Le discours de Poutine : Il a annoncé la conscription partielle – Il a soutenu les référendums

par Léo BOULANGER

Vladimir Poutine a annoncé la conscription partielle dans son discours au peuple russe, qui a débuté à 9 heures mercredi matin après un long report.

Le président russe a déclaré que le décret relatif au projet avait déjà été signé et qu’il entrerait en vigueur à partir du 1er janvier 2010. aujourd’hui déjà.

Il a toutefois précisé – à deux reprises – que la décision de procéder à la conscription est partielle et ne concernera que ceux qui sont enregistrés comme réservistes.

« Elle s’appliquera aux civils actuellement dans la réserve, en particulier à ceux qui ont servi dans les forces armées, qui ont certaines professions militaires et une expérience pertinente », a-t-il déclaré. Il a également ajouté qu’ils seraient envoyés en formation en tenant compte de l’expérience de l’UE. « opération spéciale ».

Voulant expliquer les raisons de cette décision, il a déclaré « L’armée russe se bat contre les opérations occidentales sur un front de plus de 1 000 km en Ukraine. »

Soutien aux référendums à Luhansk, Donetsk, Kherson et Zaporizhzhya

Dans sa brève allocution au peuple russe, il a accusé l’Occident de tenter de « bloquer » toute possibilité d’indépendance et de développement et a déclaré que son objectif était de « libérer » Donbas, dans l’est de l’Ukraine, car la plupart des habitants de la région ne souhaitent pas retourner sous le « joug » de l’Ukraine.

Il s’est engagé à ce que la Russie apporte son plein soutien aux référendums annoncés dans la Luhansk, Donetsk, Kherson et Zaporizhzhya. pour leur adhésion à la Fédération de Russie, décrivant ces régions comme des « territoires historiques de la Nouvelle Russie ».

Lire aussi :  Pourquoi les sondages sont faux : L'exemple de Bolsonaro au Brésil

Les menaces de Poutine d’utiliser des armes nucléaires

En conclusion de son discours, le président russe a accusé l’Occident de planifier la destruction de la Russie et a menacé d’utiliser des armes nucléaires. « Ceux qui nous menacent avec des armes nucléaires doivent savoir que cette menace peut être retournée contre eux ». « Je ne bluffe pas », a déclaré le président russe.

Regardez le discours de Poutine :

{https://www.youtube.com/watch?v=VVOWpSuFtIc}

Qui sera recruté – Précisions de Soygos

Immédiatement après les annonces de M. Poutine, le ministre russe de la défense, Sergei Shoigu, a fait des déclarations incendiaires contre l’Occident, affirmant que la Russie n’est pas seulement en guerre contre l’Ukraine, mais avec le « collectif Ouest ».

Précisant ensuite les annonces, il a déclaré que le projet concerne « seulement ceux qui ont une expérience militaire antérieure ». Il a fait référence à d’un nombre d’environ 300 000 réservistes et a souligné que la conscription partielle ne s’applique pas aux conscrits ou aux étudiants des académies militaires.

La première réaction de l’Angleterre

La ministre britannique des Affaires étrangères, Gillian Keegan, a été invitée à commenter les annonces et les menaces de M. Poutine, déclarant à Sky News que les menaces d’utilisation d’armes nucléaires devaient être prises au sérieux. « Il s’agit d’une grave escalade », a-t-il ajouté.

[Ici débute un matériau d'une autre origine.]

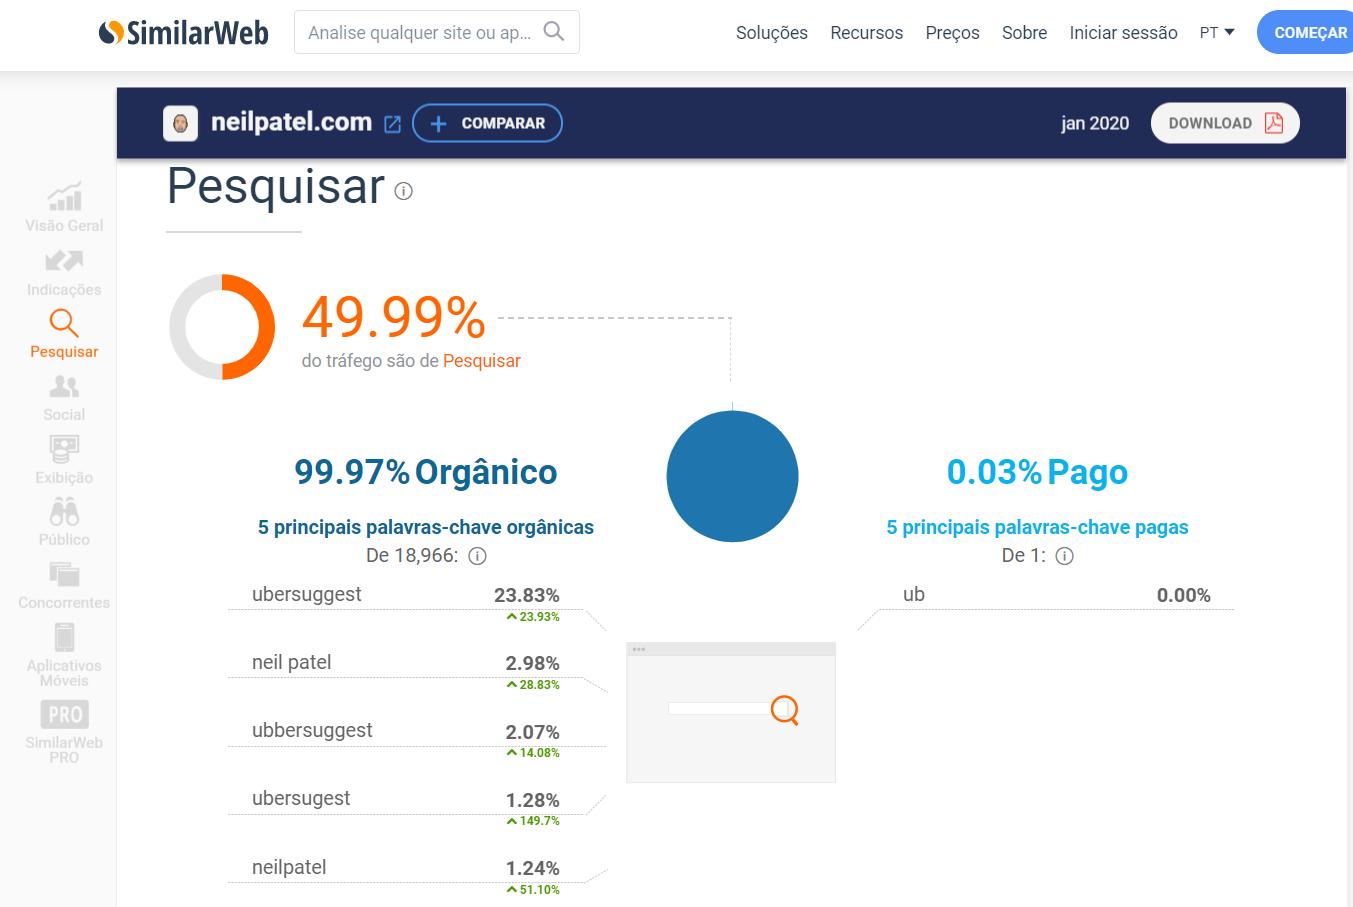 ferramenta pesquisar dentro da plataforma SimilarWeb

La communauté mondiale condamne

Pendant ce temps, la communauté mondiale s’empresse de condamner toute annexion de territoire et la tenue d’un référendum dans les territoires occupés.

La direction de l’Organisation pour la sécurité et la coopération en Europe (OSCE) (OSCE) a condamné hier mardi le projet des autorités pro-russes de quatre régions d’Ukraine d’organiser des référendums d’urgence pour rejoindre la Fédération de Russie, affirmant que tout vote de ce type constituerait une violation du droit international.

Lire aussi :  L'OTAN et l'UE envisagent une déclaration commune sur la sécurité

« Alors que la guerre consécutive à l’invasion de l’Ukraine par la Fédération de Russie se poursuit, tout prétendu « référendum » planifié par ou avec le soutien des forces exerçant un contrôle de facto dans les régions occupées de l’Ukraine constituerait une violation des normes et obligations internationales en vertu du droit humanitaire international », a déclaré la direction de l’OSCE dans un communiqué de presse.

« Leurs effets n’auraient par conséquent aucune valeur juridique », ajoute le document.